Unlike most Canadian magazines, Maclean’s (the nation’s oldest newsweekly) is run by a huge multi-media corporation. When they and their star columnist, Mark Steyn, were hit by a three-way HRC complaint by a radical Muslim group (citing Steyn’s “hateful” articles about Muslim immigration to Western nations), they hired the best legal team available. Meanwhile, Steyn (who calls himself “a one man global content provider”) set about skewering the absurdities of his case for his devoted international readership. And absurdities were thick on the Vancouver ground. When Steyn’s case was heard this spring in British Columbia, some comments posted at a popular Catholic Internet site based in the United States, Catholic Answers, were read into evidence against him.

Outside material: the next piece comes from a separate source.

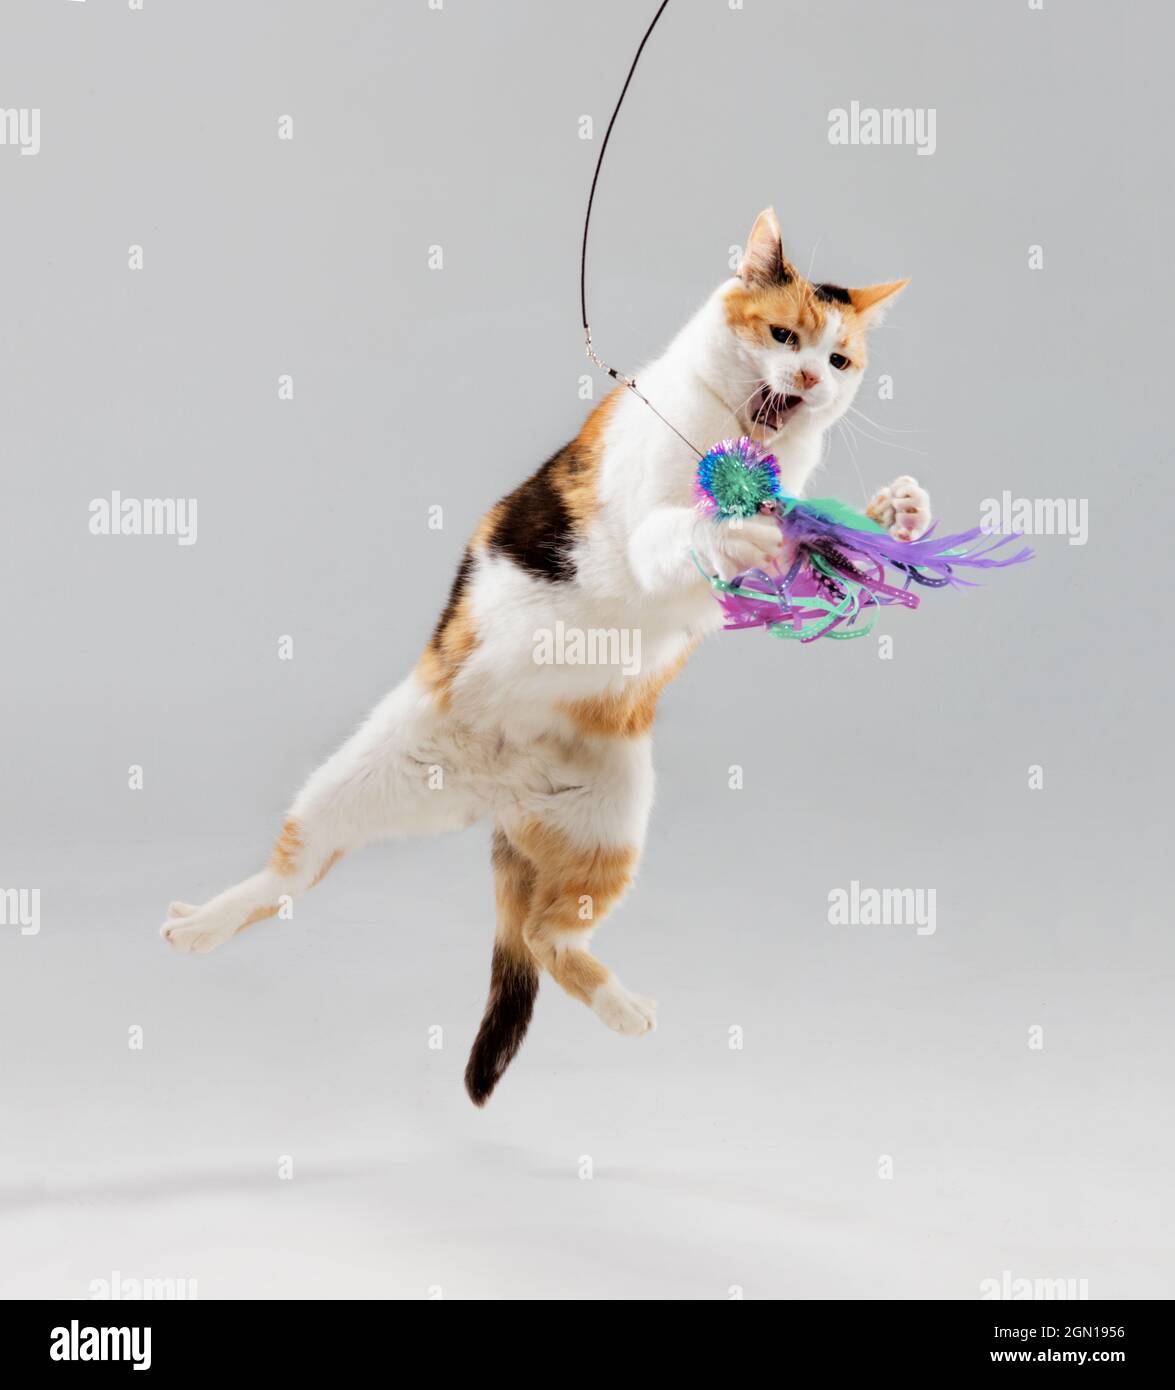 Ganzkörperaufnahme einer Calico-Katze im Studio, die in der Luft springt und ein farbenfrohes Spielzeug angreift. Stockfoto

The bizarre development was reported by Pete Vere for the Web site Catholic Exchange in an article entitled “Catholicism- A Hate Crime in Canada?”:

The alleged poster [of the message], who is an American writing from America, was commenting on an article written by Mark Steyn — a Canadian author who now lives in New Hampshire. The tribunal accepted this posting as evidence that Steyn promoted ‘hatred’.

Imagine that! Canada’s human rights tribunals are now attempting to prosecute a case against an American resident, based upon what an American citizen allegedly posted to a mainstream American Catholic website. What passes for mainstream Catholic discussion in America is now the basis for a hate complaint in Canada.

Not a few angry Catholic Answers chat room regulars were outraged at the implication that agents of a foreign country were monitoring their online communication.

Canada’s small community of religious publishers is watching the Steyn case with interest as well. After all, the Muslim complainants are demanding that the government force Maclean’s to print their self-penned rebuttal to Steyn’s piece—essentially 5,000 words of Islamist propaganda—completely unedited and unvetted, even by inhouse defamation lawyers. If successful, this unprecedented demand would thereafter force Catholic media to carry gay rights or pro abortion propaganda, or even anti-Catholic screeds. (Incidentally: Because Christians are still a “privileged” numerical majority in Canada, and not an ethnic, cultural or sexual minority group, they are barred from fi ling HRC complaints.)

Fortunately, a Human Rights tribunal in another jurisdiction declined to hear the case against Maclean’s, but issued a troubling statement explaining why. As Joe Sinasac, editor of Toronto’s Catholic Register, editorialized:

The Ontario commission decided it was not allowed by law to investigate the complaint as it has no jurisdiction over the content of articles in the media. That should have been the end of the matter. But not for [OHRC chief Barbara] Hall and her commission.

Instead, Hall went on to, well, essentially issue a verdict on the complaint. She described the article in Maclean’s ‘and others like it’ as examples of racism and Islamophobia….

This is a shocking statement for a supposedly disinterested public adjudicator to make on a contested issue…. Those who believe strongly in religious freedom should be equally concerned about freedom of speech. Both are under serious attack in Canada in 2008.

As we have seen, in today’s Internet age, the biased, anti-Catholic decisions of Canada’s Human Rights Commissions impact American Catholics as well. And the system is no respecter of persons—even bishops and priests are targets. Americans have their own burgeoning anti-Christian “Human Rights” bureaucracy to contend with. But with luck, they will learn a lesson from their neighbors to the north and start fi ghting back while they still can.